Various strategies targeting mollusks and hosts of schistosomes birds, have been used by lakeside residents in the North American recreation area to handle swimmers' itching outbreaks. In Michigan, for decades, authorities used copper sulphate as a molluscicide to reduce the host population of snails and thus the swimmer's itching incident. The results with this agent have been convincing, probably because:

  • Snails become tolerant
  • Local water chemistry reduces the efficacy of molluscicide
  • Local stream pass it on
  • Population of adjacent snails refilled the treated area

More importantly, perhaps, copper sulfate is toxic to more than molluscs, and its effect on aquatic ecosystems is poorly understood.

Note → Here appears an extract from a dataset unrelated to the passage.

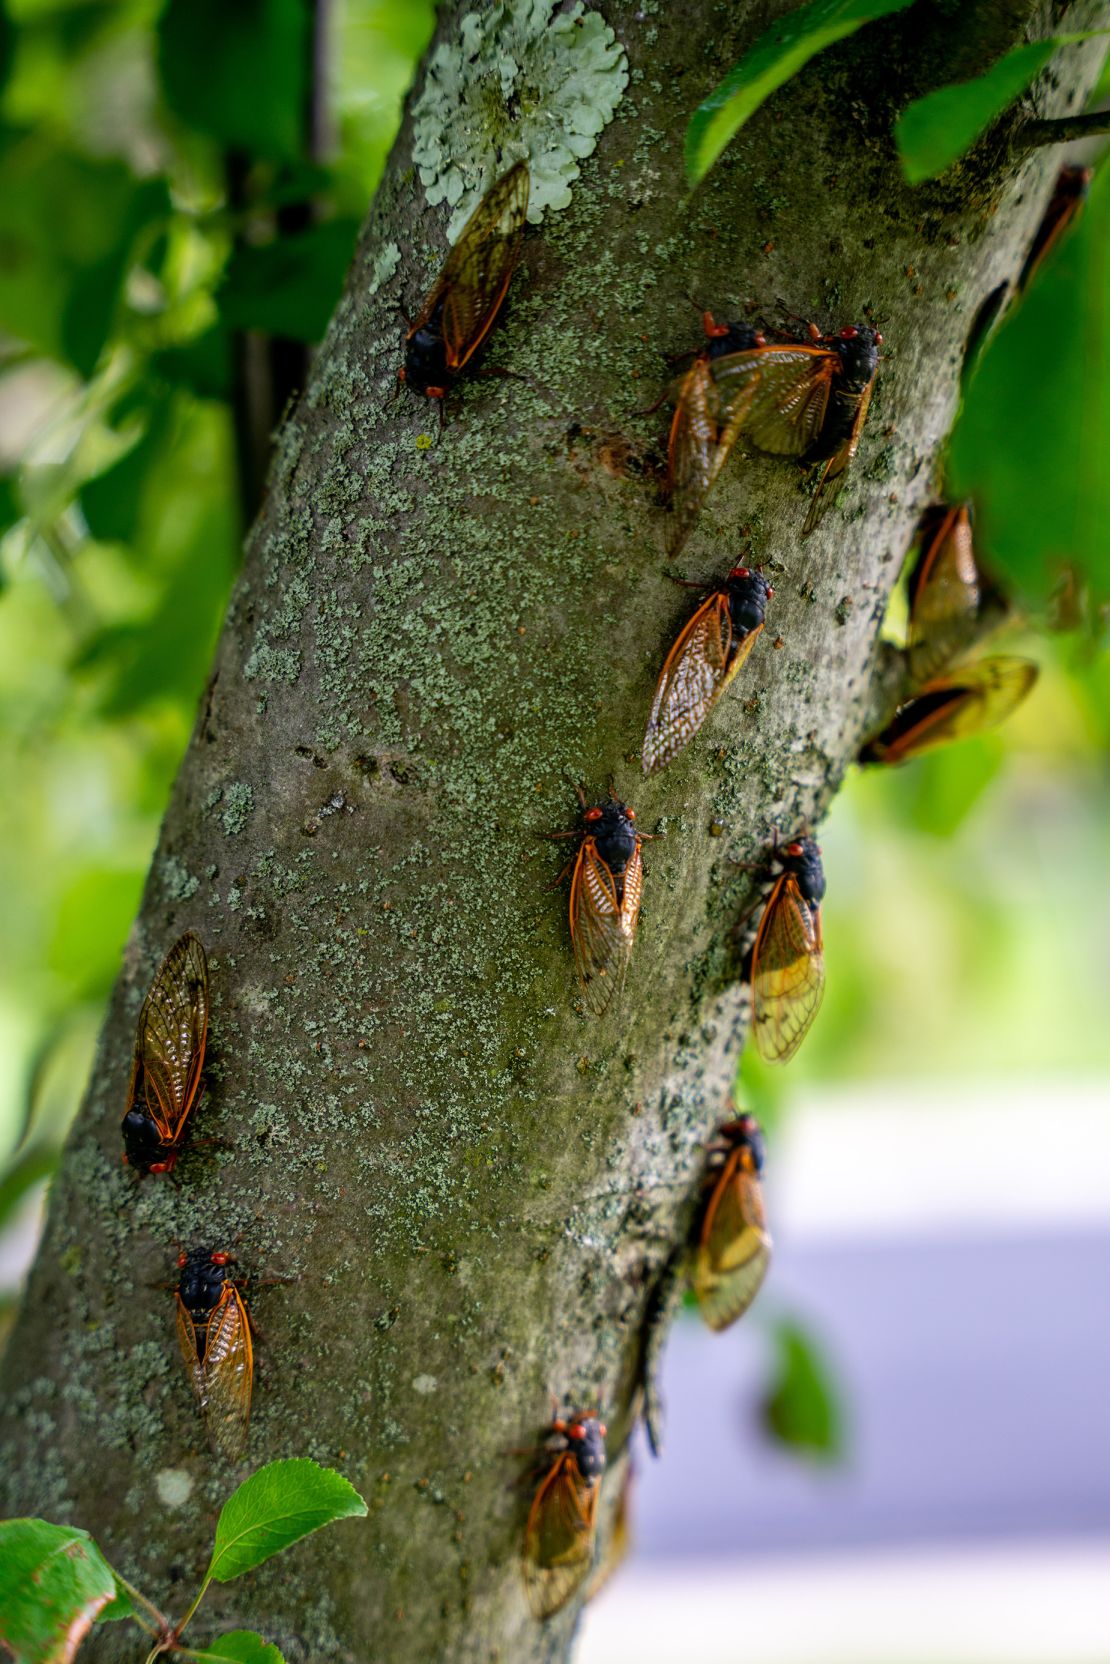 Cicadas don't bite or sting.

Other methods targeting snails, mechanical disturbance of snail habitats, have also been tried in several areas of North America and Lake Annecy in France, with promising results. Several jobs in Michigan show that praziquantel administration in hatching waterfowl can reduce the rate of local swimmer's itching in humans. Working on schistosomiasis shows that topical waterproof applications from common DEET repellent insects prevent schistosomes from penetrating the skin of mice. Public education on risk factors, a good alternative to the previously mentioned interventionist strategy, can also reduce human exposure to cercaria.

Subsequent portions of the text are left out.